頭痛を紛らわせようとして就寝前に読書をしてみた。そんなバカな! 余計にアタマを苦しめてしまうではないか。だが、必ずしもそうなるとはかぎらない。意外だろうが、今朝はすっきり目覚めたのである。頭痛はない。「知の疲れは別の知で癒せ」は、思いのほかしっかりとした経験法則になっている。酒飲みが自分の都合で発明した、二日酔いを酒で治す「迎え酒」よりもずっと信頼性の高い処方箋と言ってもいい。
その本、自宅に置いてきたので正確に引用はできないが、ある章で「幸福は不幸が欠けている状態であり、不幸は幸福が欠けている状態」というようなテーマを扱っていた。あるものが成立している背景には別のものが欠けている。つまり、いま町内の居酒屋で飲んでいるとしたら、車を運転している状況が欠如している。いや、それどころか、会社にいることの欠如でもあるし、自宅で子どもと遊んでいることの欠如でもある。三日月が見えるためには、9割ほどの月の面積が欠けなければならない。
ところで、「彼は幸福ではない」と「彼は不幸である」は同義か? 幸福・不幸という概念は難しいので、わかりやすく、「この弁当はおいしくない」と「この弁当はまずい」は同義か? で考えてみる。
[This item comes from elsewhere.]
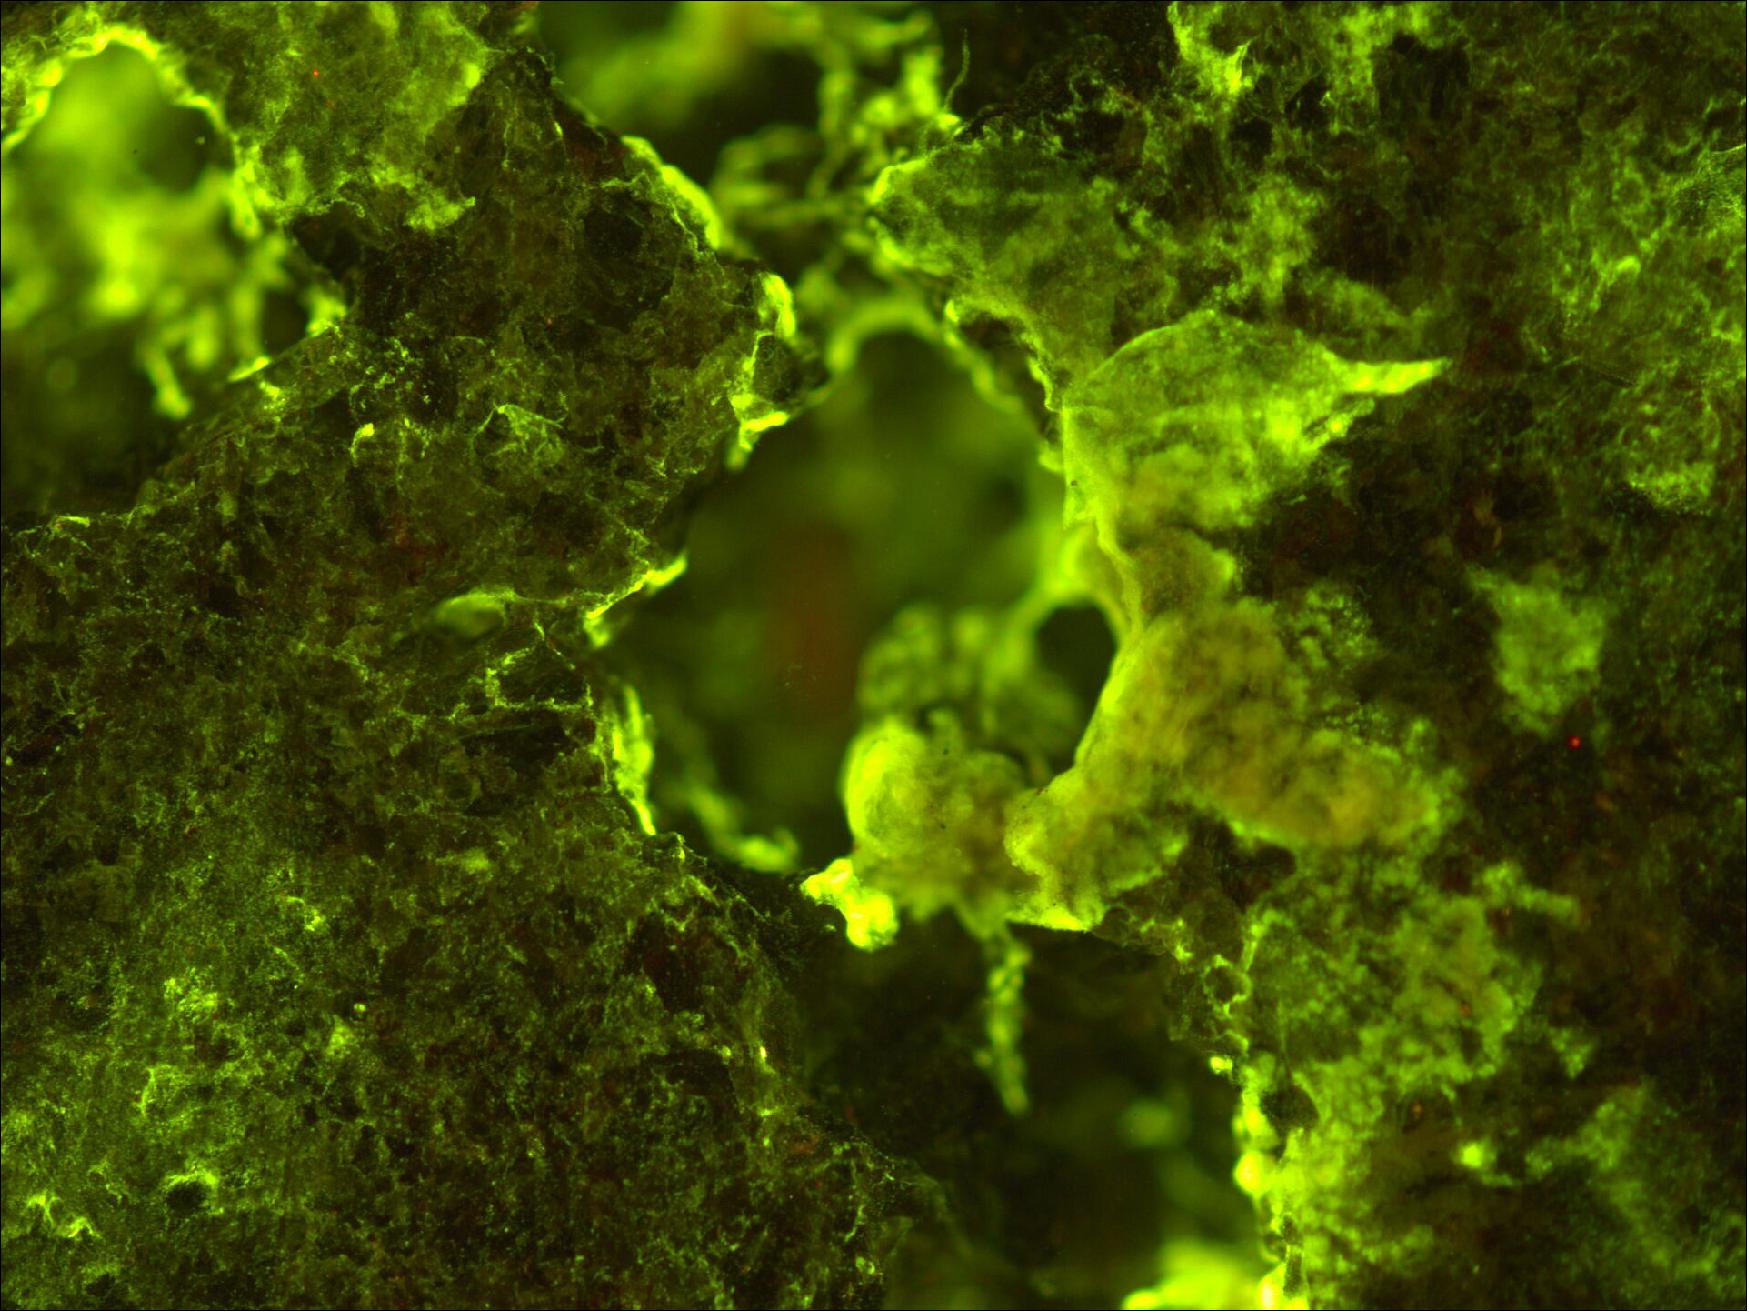 Figure 13: This fluorescent work of art captures the beauty of biofilms, or the growth of microbes on rocks. In this microscopic image, Sphingomonas desiccabilis is growing on basalt. It is one of three microbes chosen for the BioRock experiment, run by a research team from the University of Edinburgh in the UK, that will test how altered states of gravity affect biofilm formation on the International Space Station. Microbes are able to weather down a rock from which they can extract ions. This natural process enables biomining, in which useful metals are extracted from rock ores. Already a common practice on Earth, biomining will eventually take place on the Moon, Mars and asteroids as we expand our understanding and exploration of the Solar System. In the meantime, microbes will be used for many other processes that involve microbial growth on rocks, such as making soil (image credit: UK Centre for Astrobiology/University of Edinburgh–Rosa Santomartino)

おそらく、「まずい弁当→おいしくない」は成り立つだろう。だが、「おいしくない弁当→まずい」はスムーズに導出しにくい。「おいしい」を5点満点の5点とすれば、「おいしくない」は4点かもしれないし、1点かもしれない。
不幸な状況であっても、小さな一つの出来事で幸せになれるかもしれない。一万円を落として嘆いていたら、五千円札を拾った。収支マイナスだけれど、なんだか少しは心も晴れた。不幸に欠けている幸福を探すのはさほど困難ではないかもしれない。問題は、幸福を成立させるために欠落させねばならない不幸のほうだ。数え上げればキリがない。ゆえに、幸福になるよりも不幸になるほうが簡単なのである。
いみじくも、上記のテーマは今週土曜日の私塾で取り上げる一項目と一致している。その項目の見出しは「不足の発見――自分に足りない情報探し」である。
人間においては、「ない(不在・不足)」は「ある(存在・充足)」よりも圧倒的に多い。だから、どんなに「ある」を獲得しても「ない」の壁にぶつかって悩むのである。企画や編集の仕事をするときも、いま見えているもの・存在しているものばかりに気を取られるが、それでは凡人発想の域を出ることはできない。調べもの好きな人のエネルギーには感服するが、導かれるアイデアにはあまり見所がない。
いま見えていないもの、いま自分に足りないものへの意識。あと一つで完成するのにそれがないということに気づく感受性。その足りないものをどこかから安易に調達してくるのではなく、意気軒昂として編み出そうとしてみる。いや、編み出さなくてもいい、「ないもの」が目立つことによって新しいコンセプトが生まれることだってある。
“Sesame Street”というアメリカの子ども向け番組が一時代を画すヒットになった。日本で放送が開始された当時、アメリカ人の番組担当者が語ったことばが印象的である。
“Teachers are conspicuous by absence.”
「不在によって先生が目立つ」。つまり、「先生が登場しない、だから余計に先生が感じられる」ということだ。情報編集の時代、足し算ばかりでなく、「ないことによって感じられる」という引き算価値にも目を向けたい。
オカノノートを読むたびに、自分の知識の無さに気づかされます。ありがとうございます。これからも、たまに読ませていただきますよ。
愛読(?)いただき感謝申し上げます。面識はないですよね? たいした知識ではないですが、小さな情報や少し変わったものの見方を読んでいただいてヒントにしていただければ幸いです。